Like everything else on the island, schools were damaged and shuttered. A total of 164 schools were used as shelters for 9,931 people as a huge number of homes had been completely destroyed. Many of the schools that were not used as shelters were severely damaged by the hurricane, and an estimated 44 schools would never reopen.

World Central Kitchen chef José Andrés asked Keleher to use her power to order schools to open their kitchens and cook for their communities. Keleher posted a message on her social media accounts telling school officials they had permission to use school kitchens. A school administrator later explained to Andrés that schools are required to do just that, by law.
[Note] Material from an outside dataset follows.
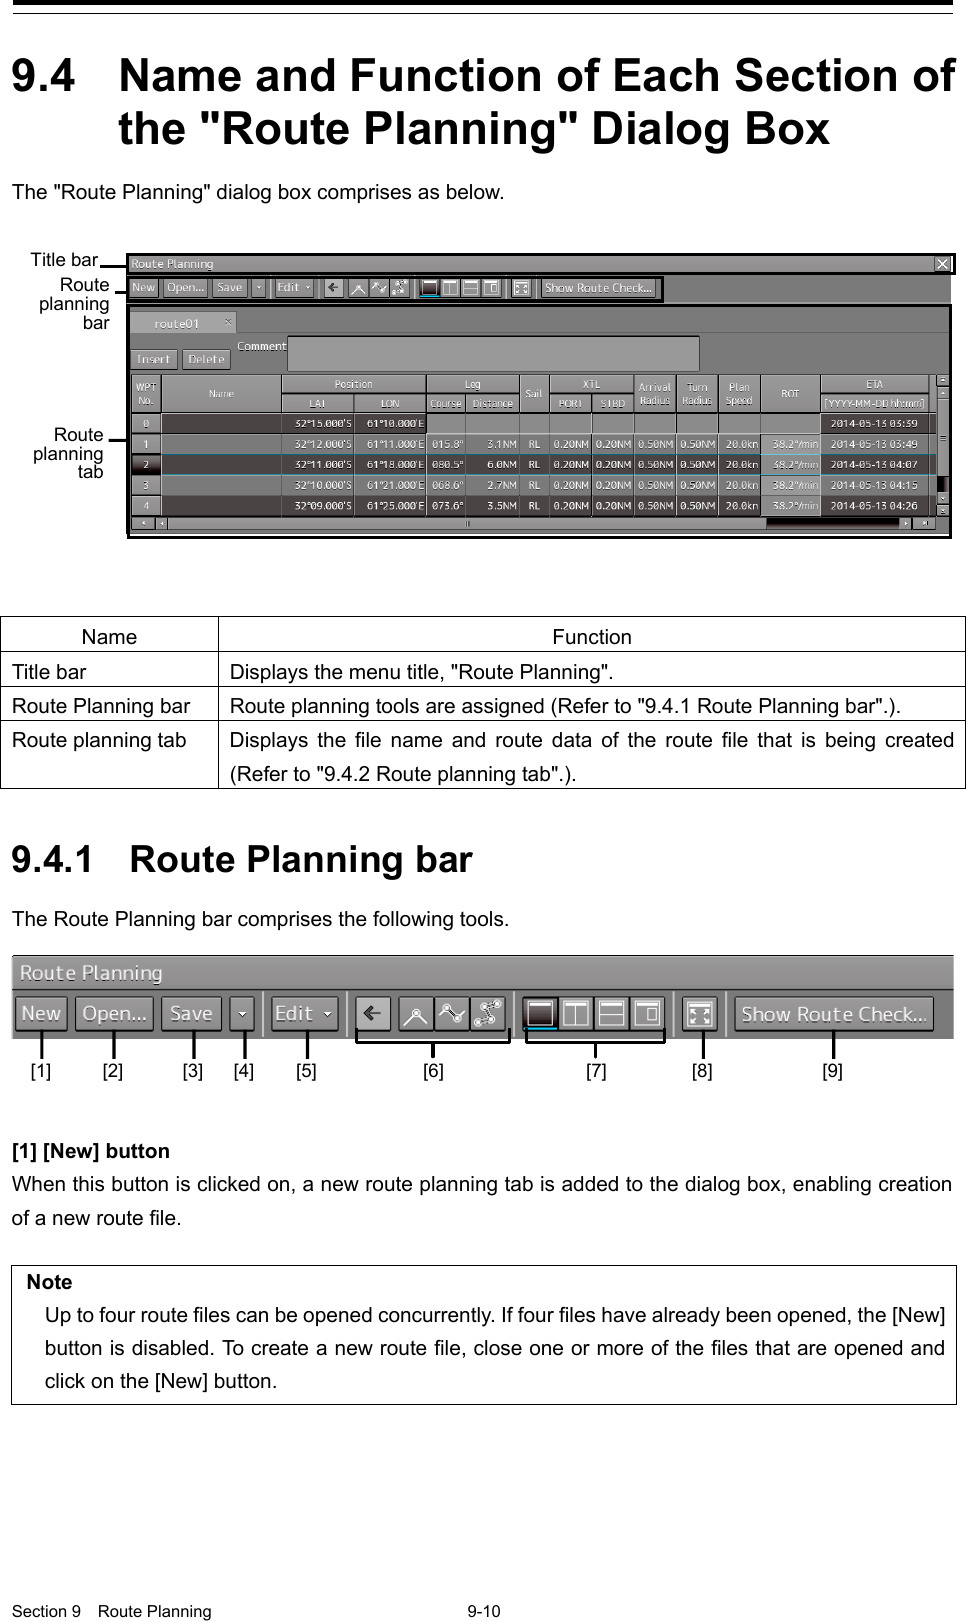  Section 9  Route Planning  9-10  9.4  Name and Function of Each Section of the &quot;Route Planning&quot; Dialog Box The &quot;Route Planning&quot; dialog box comprises as below.   Name Function Title bar Displays the menu title, &quot;Route Planning&quot;. Route Planning bar Route planning tools are assigned (Refer to &quot;9.4.1 Route Planning bar&quot;.). Route planning tab Displays the file name and route data of the route file that is being created (Refer to &quot;9.4.2 Route planning tab&quot;.).   9.4.1 Route Planning bar The Route Planning bar comprises the following tools.    [1] [New] button When this button is clicked on, a new route planning tab is added to the dialog box, enabling creation of a new route file.  Note Up to four route files can be opened concurrently. If four files have already been opened, the [New] button is disabled. To create a new route file, close one or more of the files that are opened and click on the [New] button.       Title bar   Route planning bar   Route planning tab  [6] [7] [1] [2] [3] [4] [5] [8] [9]

On October 23, 2017, 33 days after the storm, the PRDE re-opened 152 schools in the regions of San Juan and Mayagüez. The department was then able to open more schools, starting on a weekly basis and then on a daily basis. As of November 13, 2017, a total of 755 schools had been re-opened, many of them without power but with running water. Keleher had first estimated that 80% of the schools would reopen by mid-November; it turned out that a total of 932 schools (84%) had reopened by November 16. The PRDE adjusted the school calendar so that students would be able to complete the  academic year.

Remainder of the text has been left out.